BioinformaticsFMRP / TCGAbiolinks

TCGAbiolinks
http://bioconductor.org/packages/devel/bioc/vignettes/TCGAbiolinks/inst/doc/index.html
284 stars 109 forks source link

TCGAbiolinks download repeat clinical data and case count not the same with getProjectSummary #346

Open wentgithub opened 4 years ago

wentgithub commented 4 years ago

rm(list=ls()) library(TCGAbiolinks) library(dplyr) library(DT) query <- GDCquery(project = "TCGA-OV", data.category = "Clinical", file.type = "xml") GDCdownload(query) clinical <- GDCprepare_clinic(query, clinical.info = "patient") write.table(clinical, 'b.txt', sep="\t", row.names=F,col.names=T,quote=F)

you will see it has three duplicate bcr_patient_barcode

TCGA-3P-A9WA TCGA-59-A5PD TCGA-5X-AA5U ,waiting for your help, thanks a lot

============================================================================================================================ here is the resulr of TCGA-OV, you give clinical case_count is 608, but as the above getthing clinical data, even including the three repeat data, it is 590, not 608, so what is the real case count image

tiagochst commented 4 years ago

I'll check the count and the duplicated sample. I did not touch that function for a long time.

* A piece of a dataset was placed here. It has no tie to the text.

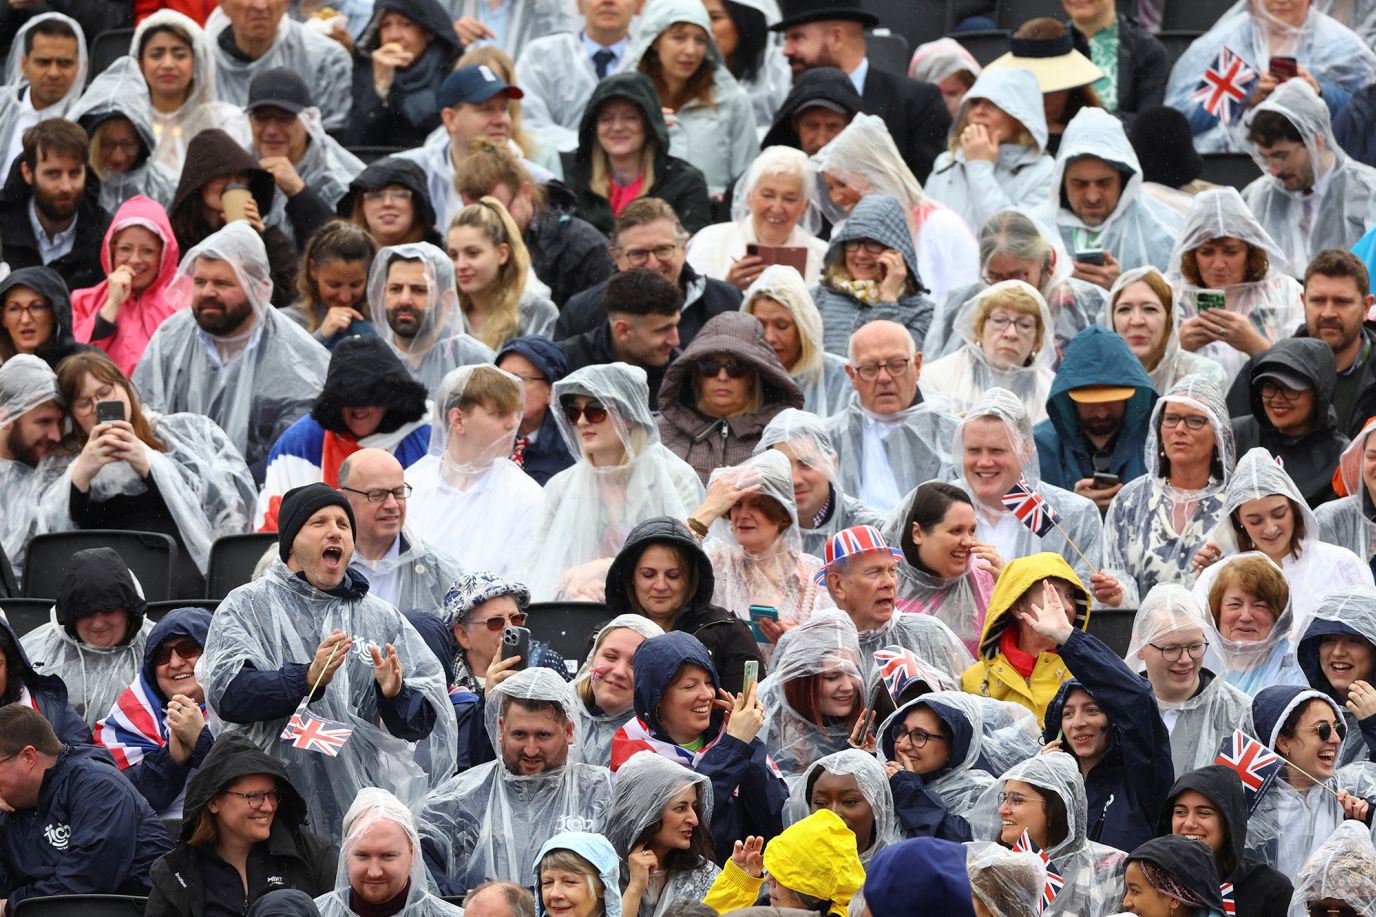 People gather to watch the procession. Showers moved through London on Friday and <a href='https://www.cnn.com/uk/live-news/king-charles-iii-coronation-ckc-intl-gbr/h_0cf74794c8e0be8ca222db150c2ccb94' target='_blank'>more rain was expected for Saturday</a>.

wentgithub commented 4 years ago

thanks a lot, waiting for your reply

tiagochst commented 4 years ago

It seems TCGA-OV has 608 cases, but only 587 have clinical data. The numbers are the same from GDC data portal as shown below:

Screen Shot 2019-09-03 at 10 41 05 AM Screen Shot 2019-09-03 at 10 47 48 AM

Example of case missing clinical data:

Screen Shot 2019-09-03 at 10 55 10 AM

Code to check the samples missing: http://rpubs.com/tiagochst/TCGA-OV-cases

wentgithub commented 4 years ago

Thanks a lot. so what is the right way to get clinical data? query <- GDCquery(project = "TCGA-OV", data.category = "Clinical", file.type = "xml") GDCdownload(query) clinical <- GDCprepare_clinic(query, clinical.info = "patient") # and then dedup myself?

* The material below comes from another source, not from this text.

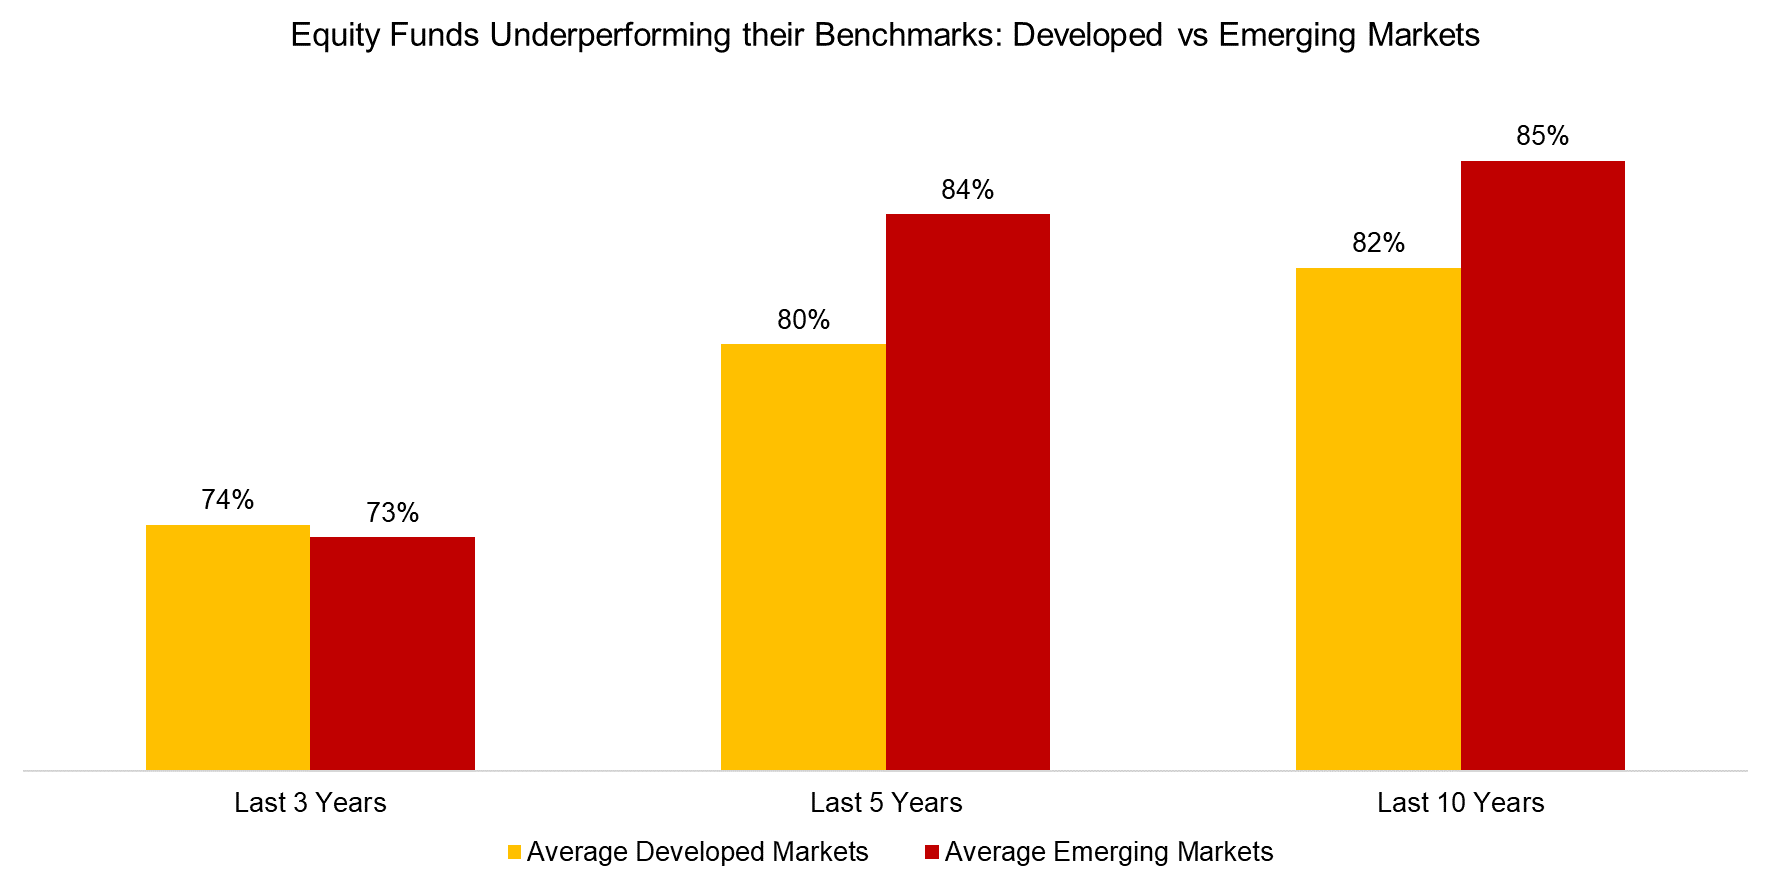 Equity Funds Underperforming their Benchmarks Developed vs Emerging Markets

tiagochst commented 4 years ago

I suggest using the indexed data: clinical.indexed <- GDCquery_clinic(project = "TCGA-OV", type = "clinical")

wentgithub commented 4 years ago

it is really a pity, use the same code, I get not the same data as you

image

after write.table(clinical.indexed,"ov_clinical",sep="\t",row.names=F,col.names=T,quote=F) and you can see the result is double rownames, and most content is NA

image

tiagochst commented 4 years ago

Which version of TCGAbiolinks do you have installed? It seems it is an old one. Could you please update it from Github with:

withr::with_envvar(c(R_REMOTES_NO_ERRORS_FROM_WARNINGS="true"), 
  remotes::install_github('BioinformaticsFMRP/TCGAbiolinks')
)
wentgithub commented 4 years ago

I install from the bioconductor before. after installing from your suggestion, the counts now is right, but the content is of courese not I wanted at least, it lacks tumor stage information, image

here is my code rm(list=ls()) library(TCGAbiolinks) library(dplyr) library(DT) clinical.indexed <- GDCquery_clinic(project = "TCGA-OV", type = "clinical")

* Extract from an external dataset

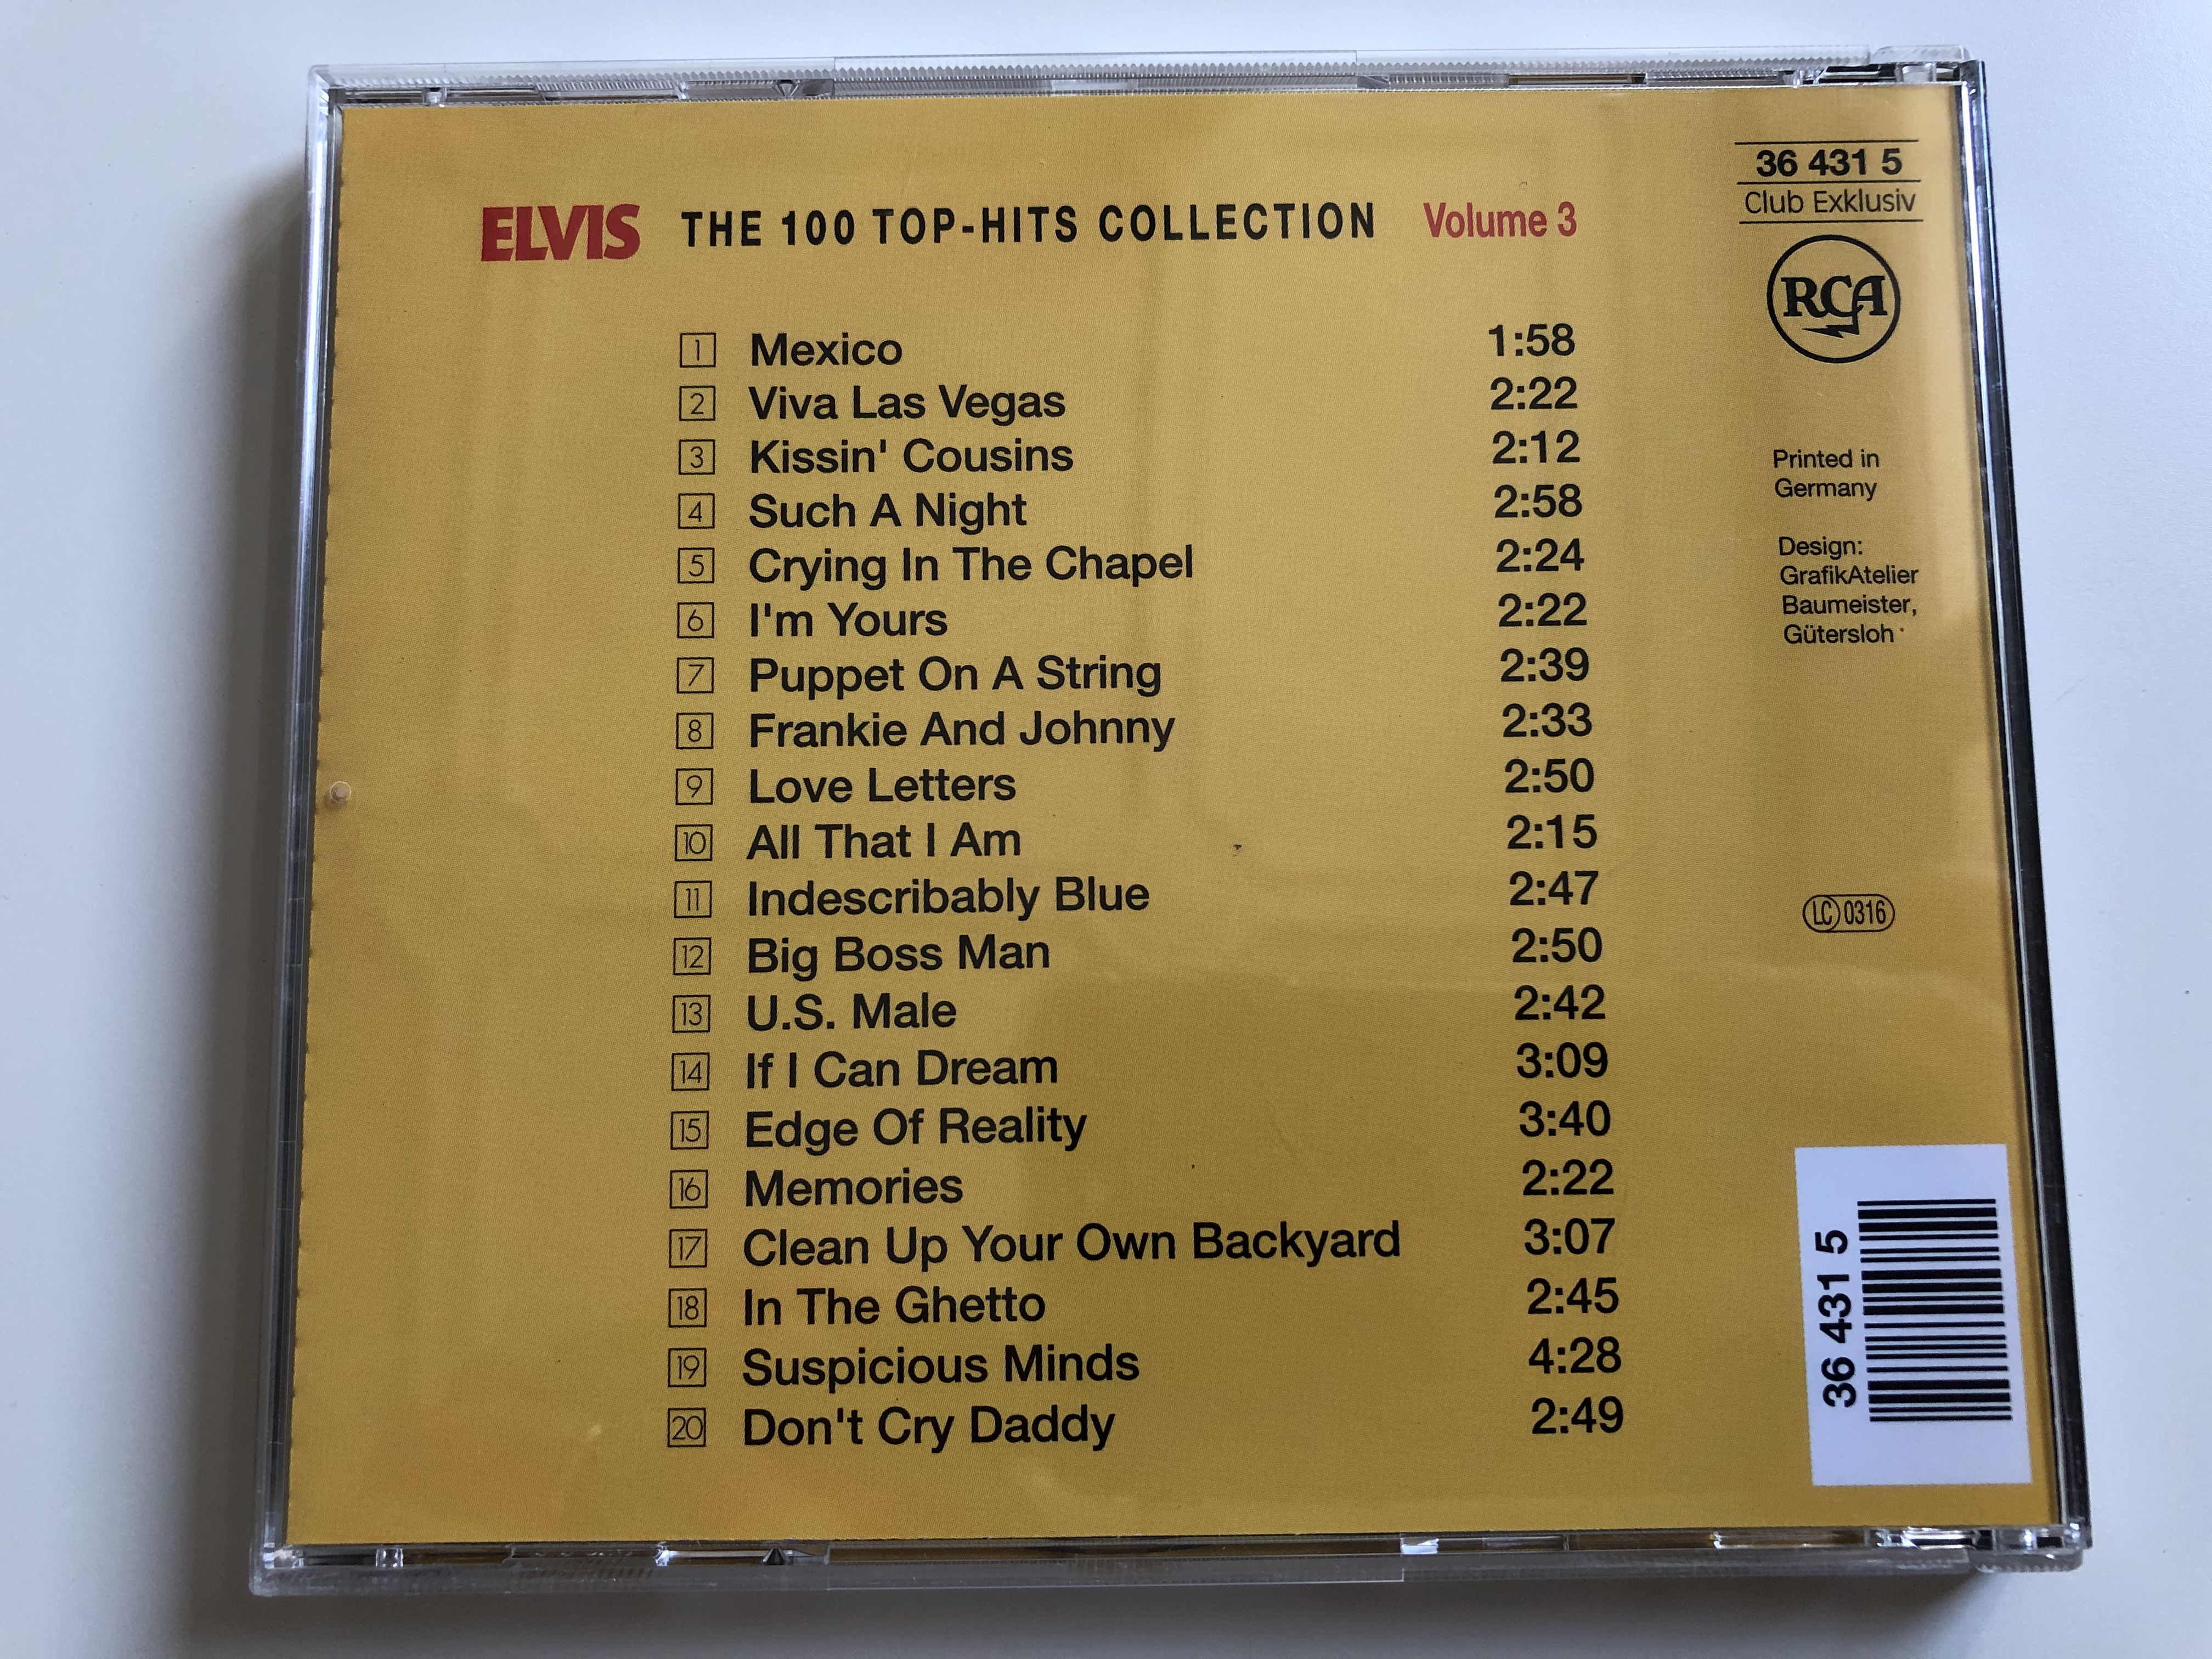 elvis-the-100-top-hits-collection-rca-5x-audio-cd-box-set-1997-stereo-36-428-1-16-.jpg

where I am wrong, Thanks a lot

tiagochst commented 4 years ago

The indexed data is parsed from the XML files. It seems there is a problem with the parsing. You can get that information in the Biotab or XML.

query <- GDCquery(project = "TCGA-OV", 
                  data.category = "Clinical",
                  data.type = "Clinical Supplement", 
                  data.format = "BCR Biotab")
GDCdownload(query)
clinical.BCRtab.all <- GDCprepare(query)
clinical.BCRtab.all$clinical_patient_ov$tumor_grade
query <- GDCquery(project = "TCGA-OV", 
                  data.category = "Clinical",
                  data.type = "Clinical Supplement", 
                  data.format = "BCR Biotab")
GDCdownload(query)
clinical.BCRtab.all <- GDCprepare(query)
clinical.BCRtab.all$clinical_patient_ov$clinical_stage
Screen Shot 2019-09-05 at 9 56 10 AM
wentgithub commented 4 years ago

I am so sorry, no matter install tcgabiolink from bioconductor or the method

withr::with_envvar(c(R_REMOTES_NO_ERRORS_FROM_WARNINGS="true"), remotes::install_github('BioinformaticsFMRP/TCGAbiolinks') ) you supplied.

running code

rm(list=ls()) library(TCGAbiolinks) library(dplyr) library(DT)

query <- GDCquery(project = "TCGA-OV", data.category = "Clinical", data.type = "Clinical Supplement", data.format = "BCR Biotab") GDCdownload(query) clinical.BCRtab.all <- GDCprepare(query)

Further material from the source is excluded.